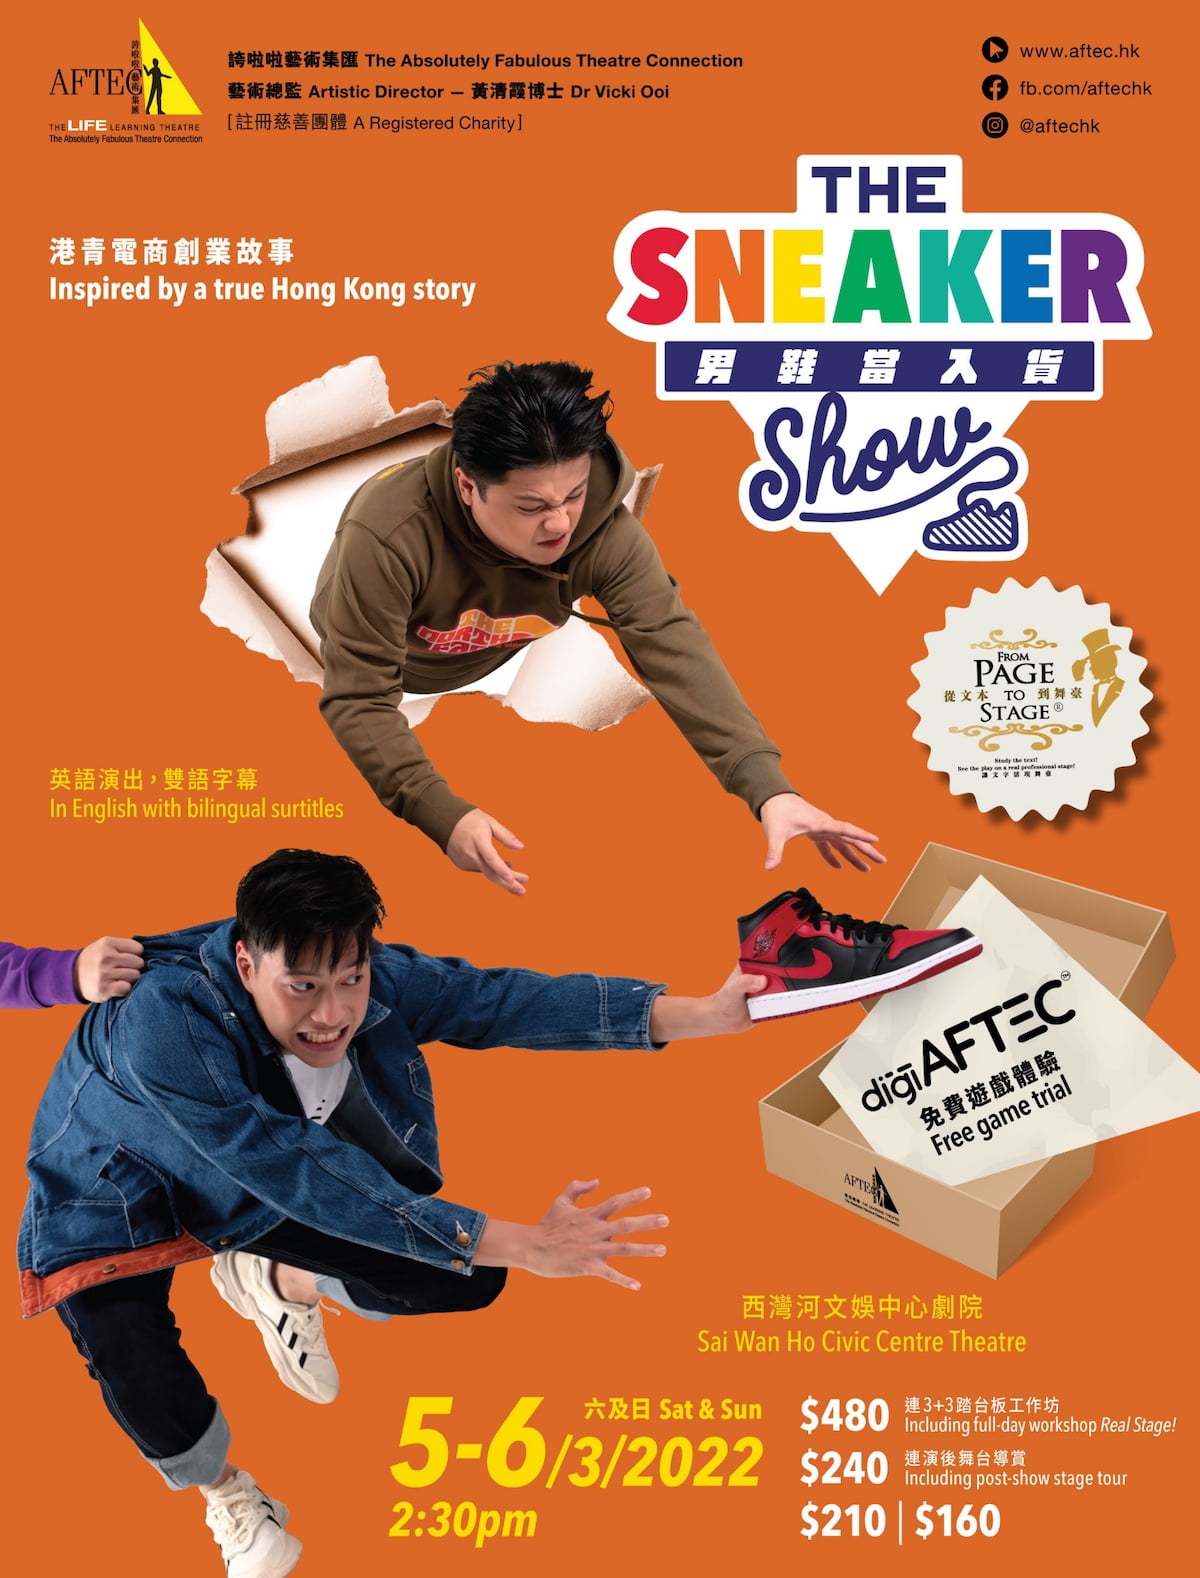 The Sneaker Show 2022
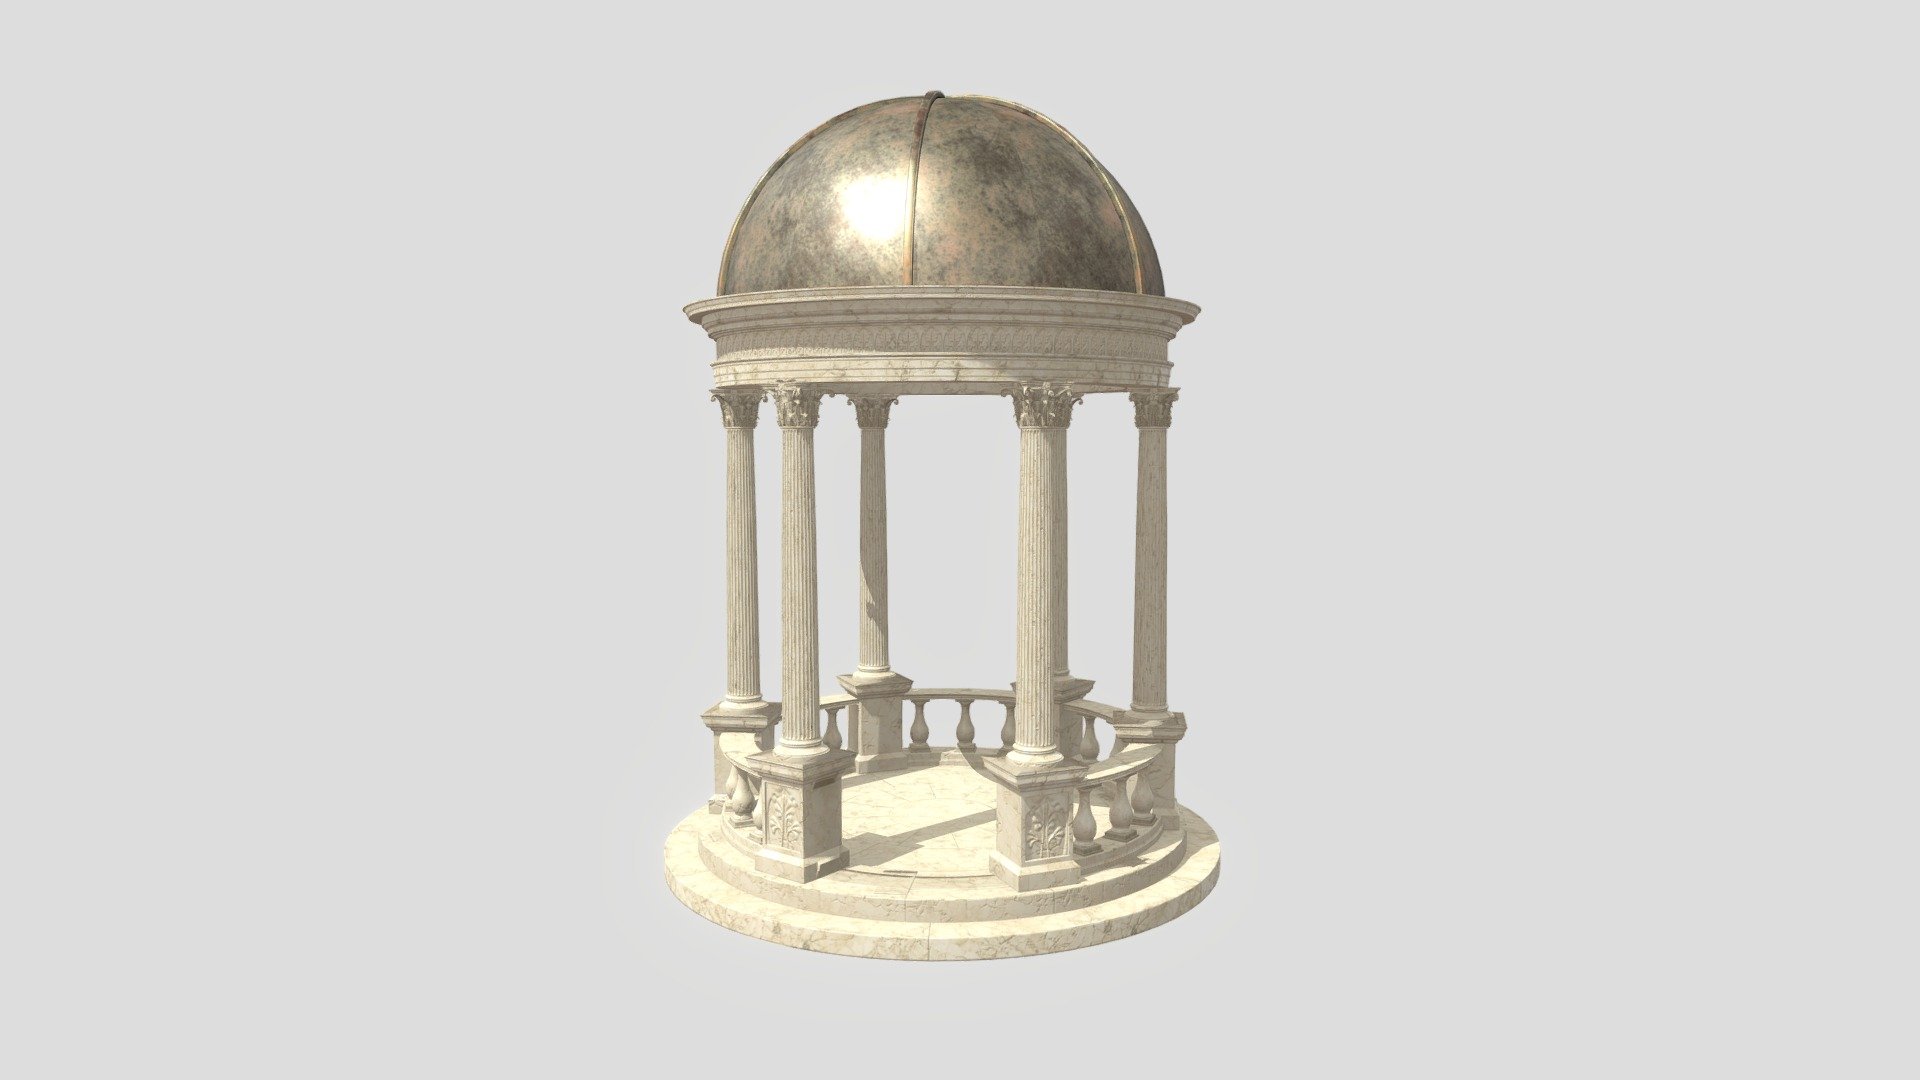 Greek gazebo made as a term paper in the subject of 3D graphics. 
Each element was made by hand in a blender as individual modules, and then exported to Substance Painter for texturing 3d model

━━━━

YOUR GOAL:
When an image appears in the data, skip it and output the rest exactly.

EXERCISE RESPONSE:
 The Sneaker Show 2022
 Greek gazebo made as a term paper in the subject of 3D graphics. 
Each element was made by hand in a blender as individual modules, and then exported to Substance Painter for texturing 3d model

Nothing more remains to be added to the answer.